Но вернемся к особому пониманию исторического процесса православного русского народа, получившему исчерпывающий анализ в вышеуказанной статье Ивана Сергеевича Аксакова: «Мы невольно спрашиваем себя, чем бы в настоящую минуту проявил себя русский народ, если бы, обладая нашей наукой, он сознавал в то же время всю историческую ценность тысячелетнего пространства времени в жизни гражданских обществ? Он почувствовал бы потребность подвести итог десятивековому своему существованию, обнять сознанием все прожитое им тысячелетие и, силою мысли и памяти воссоздав в своем представлении эту тысячу лет
Согласитесь, примеров такого нравственного отношения к национальной истории история всечеловеческая имеет всего два. Первый раз дух человеческий, дух народа через своих духовных лидеров осознал личную нравственную ответственность перед лицом Всевышнего, ответственность участника и сотворца внешнего исторического делания во времена ветхозаветные, во времена пророков Израиля. Второй раз, с еще большей нравственной силой с еще большим национальным единодушием в русской истории до Петра Великого.
Вослед И.С. Аксакову и мы можем быть совершенно уверены, что «… если история вообще считается наставницей народов, то ни для кого не имеет она такого жизненного значения, как для племен славянских, и для русского в особенности… Она возвращает нас к нашим основным органическим началам и предносит путеводный свет нашему историческому шествию.
Ни один европейский народ не состоял никогда и не имел надобности состоять в таком сознательном отношении к своей истории во всем ее целом объеме; ни один не искал в ней ответов на такие жизненно нравственные запросы, как народы славянские, ни у кого из них литература исторической науки не представляет такого пытливого суда, такого строгого следствия над своей историей, как русская историческая литература.
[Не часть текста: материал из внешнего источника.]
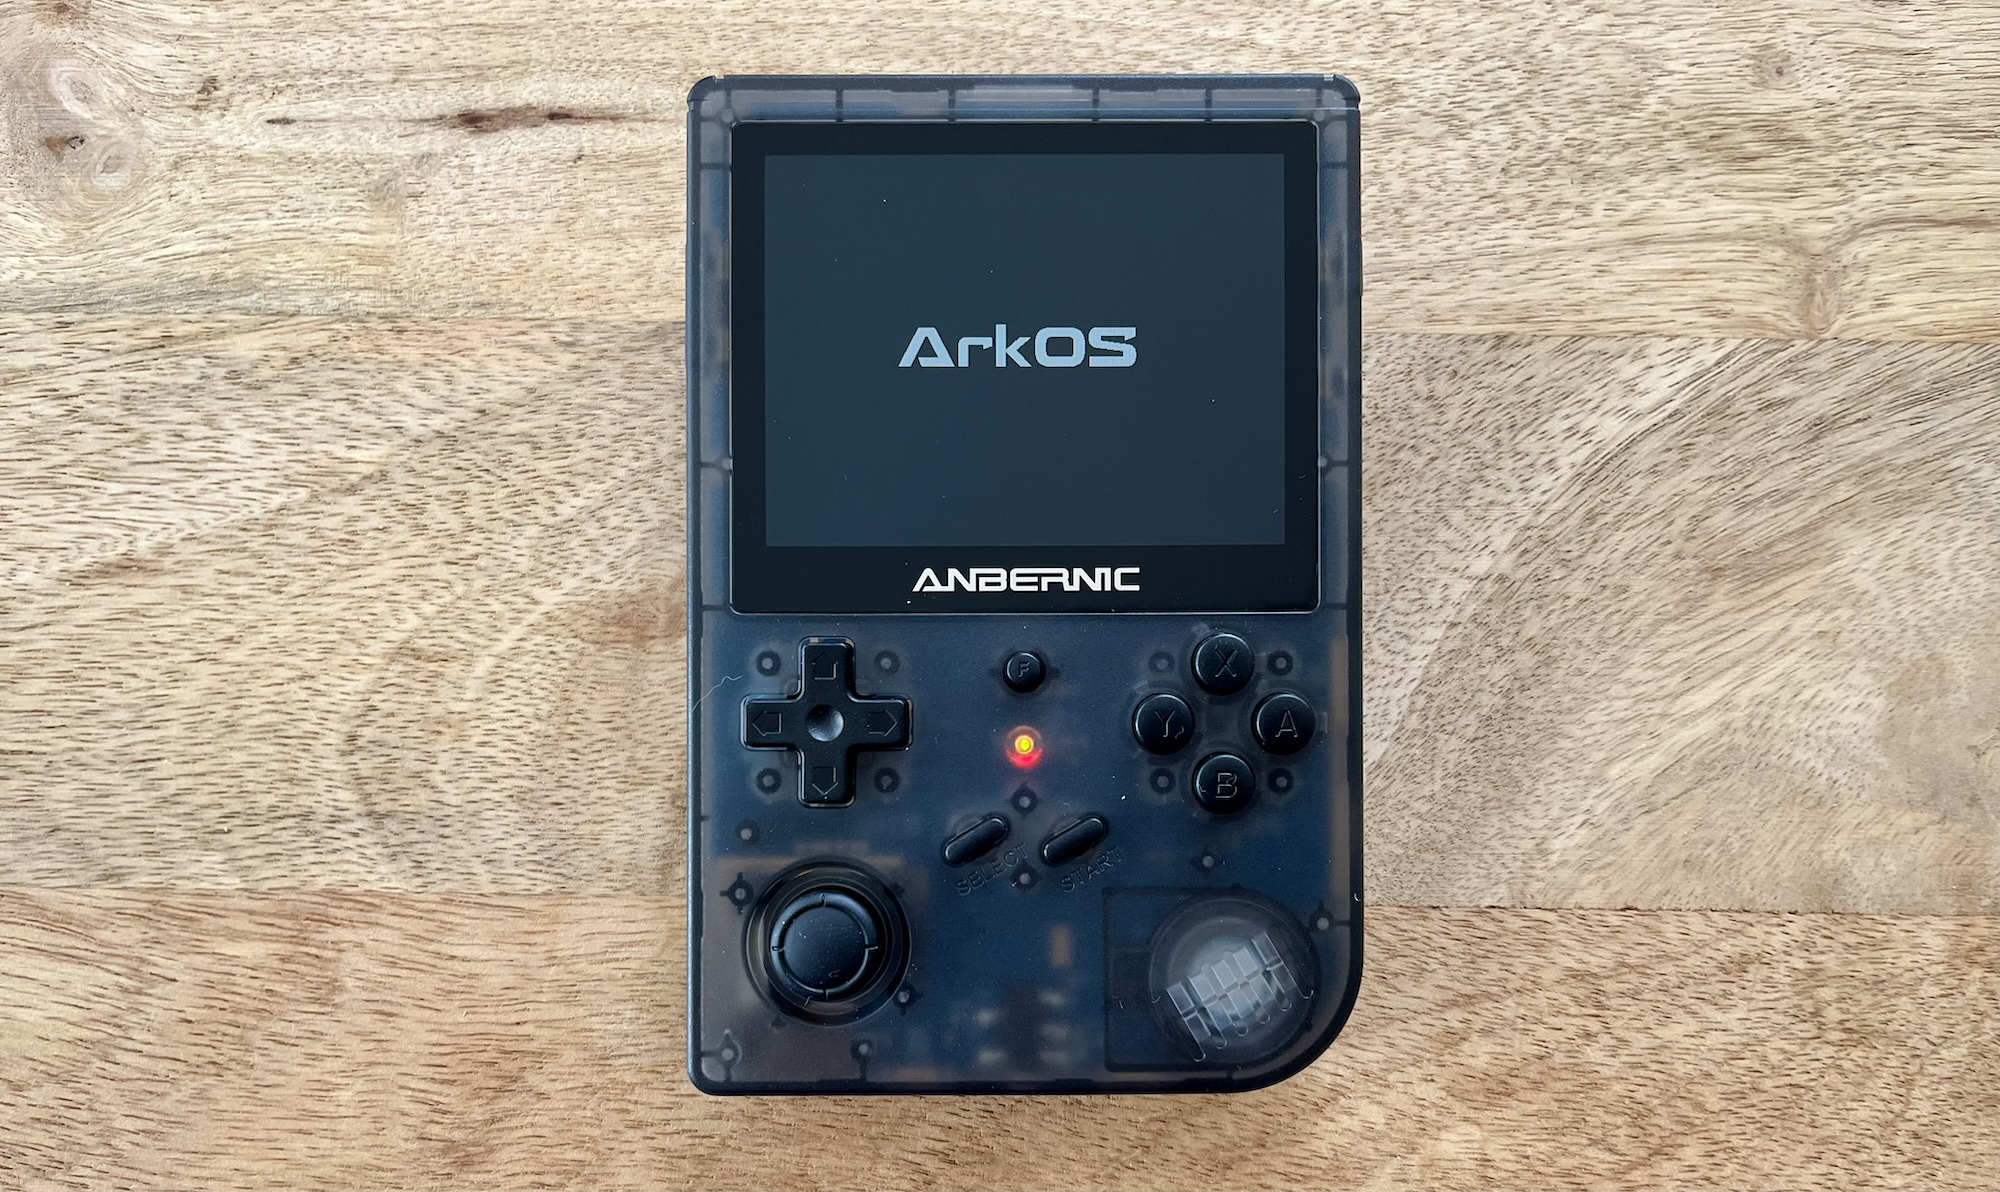 Anbernic RG351V mit ArkOS

Действительно, какими бы ближайшими побуждениями ни руководствовались наши деятели на поприще исторической науки, как бы некоторые из них ни отрицали в принципе нравственный элемент и его духовно-производительную силу в истории, как бы ни уклонялись, по-видимому, от христианского созерцания, все они невольно, бессознательно движимые тем же народным инстинктом, к которому большая часть из них выражает такое высокомерное презрение, – все они предъявляют прожитому тысячелетию такие нравственные требования, которые свидетельствуют о живучести нравственного начала в народе и о живом значении истории… Мы постоянно встречаемся в нашей словесности с оживленными прениями о том, вполне ли согласен с понятиями добра или чести тот или другой поступок народа или князя… вопрос об оправдании Иоанна Грозного или Бориса Годунова есть для нас вопрос вовсе не мертвый и не отвлеченный… Наша историческая литература постоянно вращается в сфере нравственного суда и не сходит с поля нравственных требований, предъявляемых во имя того нравственного идеала, который без их собственного ведома живет в сердцах отрицателей этого нравственного идеала!».
Мы еще раз убеждаемся, что слова о глубокой воцерковленности русского быта, нравов и национальной истории нашего народа в первый же век после крещения – не пустые слова. Весь дух народный пропитался Христовой истиной. Вся национальная жизнь его искала уподобится Божественной литургии. «Действие нравственных истин не прекращается в нашей истории и продолжает свой логический процесс в сфере отвлеченной работы мысли, и мы, таким образом, как бы повторяем, как бы переживаем вновь и должны пережить всю нашу тысячелетнюю историю в области сознания», – уверен И.С. Аксаков, уверены и мы вслед за ним.